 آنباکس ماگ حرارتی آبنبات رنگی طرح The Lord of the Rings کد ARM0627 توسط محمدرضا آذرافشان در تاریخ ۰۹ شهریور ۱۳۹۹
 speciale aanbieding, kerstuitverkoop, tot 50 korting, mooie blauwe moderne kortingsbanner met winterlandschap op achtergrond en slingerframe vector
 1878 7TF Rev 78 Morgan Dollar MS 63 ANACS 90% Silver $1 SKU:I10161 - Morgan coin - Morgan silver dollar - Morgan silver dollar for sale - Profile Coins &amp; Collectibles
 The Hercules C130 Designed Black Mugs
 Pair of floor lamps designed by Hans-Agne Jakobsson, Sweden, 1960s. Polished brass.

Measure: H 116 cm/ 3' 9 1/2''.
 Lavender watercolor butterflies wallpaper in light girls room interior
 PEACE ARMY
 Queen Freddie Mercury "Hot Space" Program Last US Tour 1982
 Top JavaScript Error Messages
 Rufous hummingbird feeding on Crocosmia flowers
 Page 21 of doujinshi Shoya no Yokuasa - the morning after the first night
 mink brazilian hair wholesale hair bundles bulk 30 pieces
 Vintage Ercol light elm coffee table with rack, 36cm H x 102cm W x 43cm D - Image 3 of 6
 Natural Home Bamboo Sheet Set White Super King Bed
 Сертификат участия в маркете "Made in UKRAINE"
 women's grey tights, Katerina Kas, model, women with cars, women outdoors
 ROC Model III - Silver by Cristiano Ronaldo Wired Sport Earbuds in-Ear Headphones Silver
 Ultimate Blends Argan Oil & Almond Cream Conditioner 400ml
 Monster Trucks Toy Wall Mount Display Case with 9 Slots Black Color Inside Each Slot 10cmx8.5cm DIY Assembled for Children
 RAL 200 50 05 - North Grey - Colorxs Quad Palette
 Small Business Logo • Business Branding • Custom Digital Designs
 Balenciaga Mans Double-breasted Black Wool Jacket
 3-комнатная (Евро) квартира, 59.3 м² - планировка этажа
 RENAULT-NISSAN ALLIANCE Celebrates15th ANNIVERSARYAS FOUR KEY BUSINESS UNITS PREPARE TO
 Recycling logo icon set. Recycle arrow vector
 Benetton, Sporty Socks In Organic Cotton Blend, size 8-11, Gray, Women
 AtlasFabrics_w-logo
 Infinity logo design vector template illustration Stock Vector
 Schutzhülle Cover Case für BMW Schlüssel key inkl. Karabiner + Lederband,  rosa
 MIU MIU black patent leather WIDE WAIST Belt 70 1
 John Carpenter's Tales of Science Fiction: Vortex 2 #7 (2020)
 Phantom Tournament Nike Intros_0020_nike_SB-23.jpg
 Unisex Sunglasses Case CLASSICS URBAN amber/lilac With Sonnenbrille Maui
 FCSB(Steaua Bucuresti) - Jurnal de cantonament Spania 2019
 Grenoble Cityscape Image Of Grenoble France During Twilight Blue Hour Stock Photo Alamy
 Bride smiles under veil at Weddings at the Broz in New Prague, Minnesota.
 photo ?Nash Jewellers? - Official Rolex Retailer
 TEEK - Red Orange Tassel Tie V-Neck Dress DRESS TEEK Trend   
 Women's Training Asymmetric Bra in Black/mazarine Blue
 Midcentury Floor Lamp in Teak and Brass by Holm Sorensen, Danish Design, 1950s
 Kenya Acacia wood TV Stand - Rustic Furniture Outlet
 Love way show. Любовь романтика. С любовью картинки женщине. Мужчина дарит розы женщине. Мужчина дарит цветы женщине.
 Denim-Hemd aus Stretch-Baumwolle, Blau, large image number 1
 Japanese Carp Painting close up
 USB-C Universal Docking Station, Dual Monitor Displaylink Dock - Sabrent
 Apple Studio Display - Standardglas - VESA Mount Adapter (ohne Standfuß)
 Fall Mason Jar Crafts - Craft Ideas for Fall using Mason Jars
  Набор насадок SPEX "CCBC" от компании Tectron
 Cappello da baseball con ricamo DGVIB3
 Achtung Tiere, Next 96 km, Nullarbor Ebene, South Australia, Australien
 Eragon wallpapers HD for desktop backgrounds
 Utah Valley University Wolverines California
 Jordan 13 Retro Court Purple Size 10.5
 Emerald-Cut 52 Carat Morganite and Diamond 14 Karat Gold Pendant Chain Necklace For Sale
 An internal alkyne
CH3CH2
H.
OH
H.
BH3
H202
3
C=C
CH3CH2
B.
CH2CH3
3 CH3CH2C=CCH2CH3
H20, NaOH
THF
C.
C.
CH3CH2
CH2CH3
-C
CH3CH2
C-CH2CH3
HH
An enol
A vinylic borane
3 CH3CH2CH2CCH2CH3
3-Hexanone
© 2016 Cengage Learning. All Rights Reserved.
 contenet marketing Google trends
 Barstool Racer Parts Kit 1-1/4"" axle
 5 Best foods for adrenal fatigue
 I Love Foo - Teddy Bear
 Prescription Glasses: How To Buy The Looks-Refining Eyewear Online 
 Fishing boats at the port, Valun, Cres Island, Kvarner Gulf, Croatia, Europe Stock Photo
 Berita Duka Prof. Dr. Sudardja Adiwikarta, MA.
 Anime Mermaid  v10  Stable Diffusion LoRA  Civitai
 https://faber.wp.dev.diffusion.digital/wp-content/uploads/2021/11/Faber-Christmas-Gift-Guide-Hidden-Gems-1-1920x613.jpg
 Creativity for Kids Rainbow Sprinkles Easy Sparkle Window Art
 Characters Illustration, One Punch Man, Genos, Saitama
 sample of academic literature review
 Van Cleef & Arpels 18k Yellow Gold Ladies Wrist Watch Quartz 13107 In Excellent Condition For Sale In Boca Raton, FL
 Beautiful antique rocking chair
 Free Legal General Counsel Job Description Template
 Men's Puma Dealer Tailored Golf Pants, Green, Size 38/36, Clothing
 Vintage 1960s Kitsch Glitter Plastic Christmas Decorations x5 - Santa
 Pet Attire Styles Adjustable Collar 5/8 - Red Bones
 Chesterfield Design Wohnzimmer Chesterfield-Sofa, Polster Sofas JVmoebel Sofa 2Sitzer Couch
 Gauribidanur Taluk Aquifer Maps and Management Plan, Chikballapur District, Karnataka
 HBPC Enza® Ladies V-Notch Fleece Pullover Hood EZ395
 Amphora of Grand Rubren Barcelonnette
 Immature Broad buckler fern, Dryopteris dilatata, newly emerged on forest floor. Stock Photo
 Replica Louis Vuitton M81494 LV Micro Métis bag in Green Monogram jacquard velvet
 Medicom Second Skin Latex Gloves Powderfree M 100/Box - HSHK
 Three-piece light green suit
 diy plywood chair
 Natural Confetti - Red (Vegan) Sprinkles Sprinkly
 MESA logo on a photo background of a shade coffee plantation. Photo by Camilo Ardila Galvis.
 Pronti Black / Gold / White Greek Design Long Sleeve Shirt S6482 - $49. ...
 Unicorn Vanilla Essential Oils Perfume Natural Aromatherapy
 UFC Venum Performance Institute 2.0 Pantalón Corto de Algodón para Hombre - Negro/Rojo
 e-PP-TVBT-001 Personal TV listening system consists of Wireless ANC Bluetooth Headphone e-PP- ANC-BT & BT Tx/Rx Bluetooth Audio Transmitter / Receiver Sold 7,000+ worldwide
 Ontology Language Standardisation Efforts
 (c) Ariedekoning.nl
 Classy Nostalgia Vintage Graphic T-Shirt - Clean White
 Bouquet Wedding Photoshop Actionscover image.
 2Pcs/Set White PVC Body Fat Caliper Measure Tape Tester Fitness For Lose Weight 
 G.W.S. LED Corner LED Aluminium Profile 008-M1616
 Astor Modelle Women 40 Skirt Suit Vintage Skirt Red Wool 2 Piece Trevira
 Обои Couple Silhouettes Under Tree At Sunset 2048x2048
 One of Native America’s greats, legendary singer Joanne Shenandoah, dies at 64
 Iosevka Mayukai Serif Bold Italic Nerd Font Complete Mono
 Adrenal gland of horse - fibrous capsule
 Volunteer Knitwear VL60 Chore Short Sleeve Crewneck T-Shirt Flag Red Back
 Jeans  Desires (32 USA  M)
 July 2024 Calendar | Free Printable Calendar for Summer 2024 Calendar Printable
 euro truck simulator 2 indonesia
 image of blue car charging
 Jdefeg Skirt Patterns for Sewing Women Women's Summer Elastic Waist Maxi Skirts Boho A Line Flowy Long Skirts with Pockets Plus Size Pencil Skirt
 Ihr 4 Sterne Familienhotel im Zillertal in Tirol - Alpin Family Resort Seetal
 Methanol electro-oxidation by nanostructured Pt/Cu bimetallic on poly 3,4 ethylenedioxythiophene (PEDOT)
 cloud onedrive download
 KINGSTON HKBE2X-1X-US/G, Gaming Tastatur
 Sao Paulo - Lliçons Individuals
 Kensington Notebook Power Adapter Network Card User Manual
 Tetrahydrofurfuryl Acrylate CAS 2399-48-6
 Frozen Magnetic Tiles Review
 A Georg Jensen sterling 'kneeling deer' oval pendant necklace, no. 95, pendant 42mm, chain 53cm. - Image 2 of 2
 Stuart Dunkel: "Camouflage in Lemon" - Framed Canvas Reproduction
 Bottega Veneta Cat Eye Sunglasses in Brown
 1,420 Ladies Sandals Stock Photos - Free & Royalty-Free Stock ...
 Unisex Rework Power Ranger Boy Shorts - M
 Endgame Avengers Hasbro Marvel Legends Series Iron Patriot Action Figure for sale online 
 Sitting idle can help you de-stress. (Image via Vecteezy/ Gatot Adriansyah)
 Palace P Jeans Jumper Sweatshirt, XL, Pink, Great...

****

_Your instructions:_ Go through the listing above and write out exactly the lines starting with the one holding "Apple Studio Display" and running through the one holding "A vinylic borane", ends included, and no others.

_Response box:_
 Apple Studio Display - Standardglas - VESA Mount Adapter (ohne Standfuß)
 Fall Mason Jar Crafts - Craft Ideas for Fall using Mason Jars
  Набор насадок SPEX "CCBC" от компании Tectron
 Cappello da baseball con ricamo DGVIB3
 Achtung Tiere, Next 96 km, Nullarbor Ebene, South Australia, Australien
 Eragon wallpapers HD for desktop backgrounds
 Utah Valley University Wolverines California
 Jordan 13 Retro Court Purple Size 10.5
 Emerald-Cut 52 Carat Morganite and Diamond 14 Karat Gold Pendant Chain Necklace For Sale
 An internal alkyne
CH3CH2
H.
OH
H.
BH3
H202
3
C=C
CH3CH2
B.
CH2CH3
3 CH3CH2C=CCH2CH3
H20, NaOH
THF
C.
C.
CH3CH2
CH2CH3
-C
CH3CH2
C-CH2CH3
HH
An enol
A vinylic borane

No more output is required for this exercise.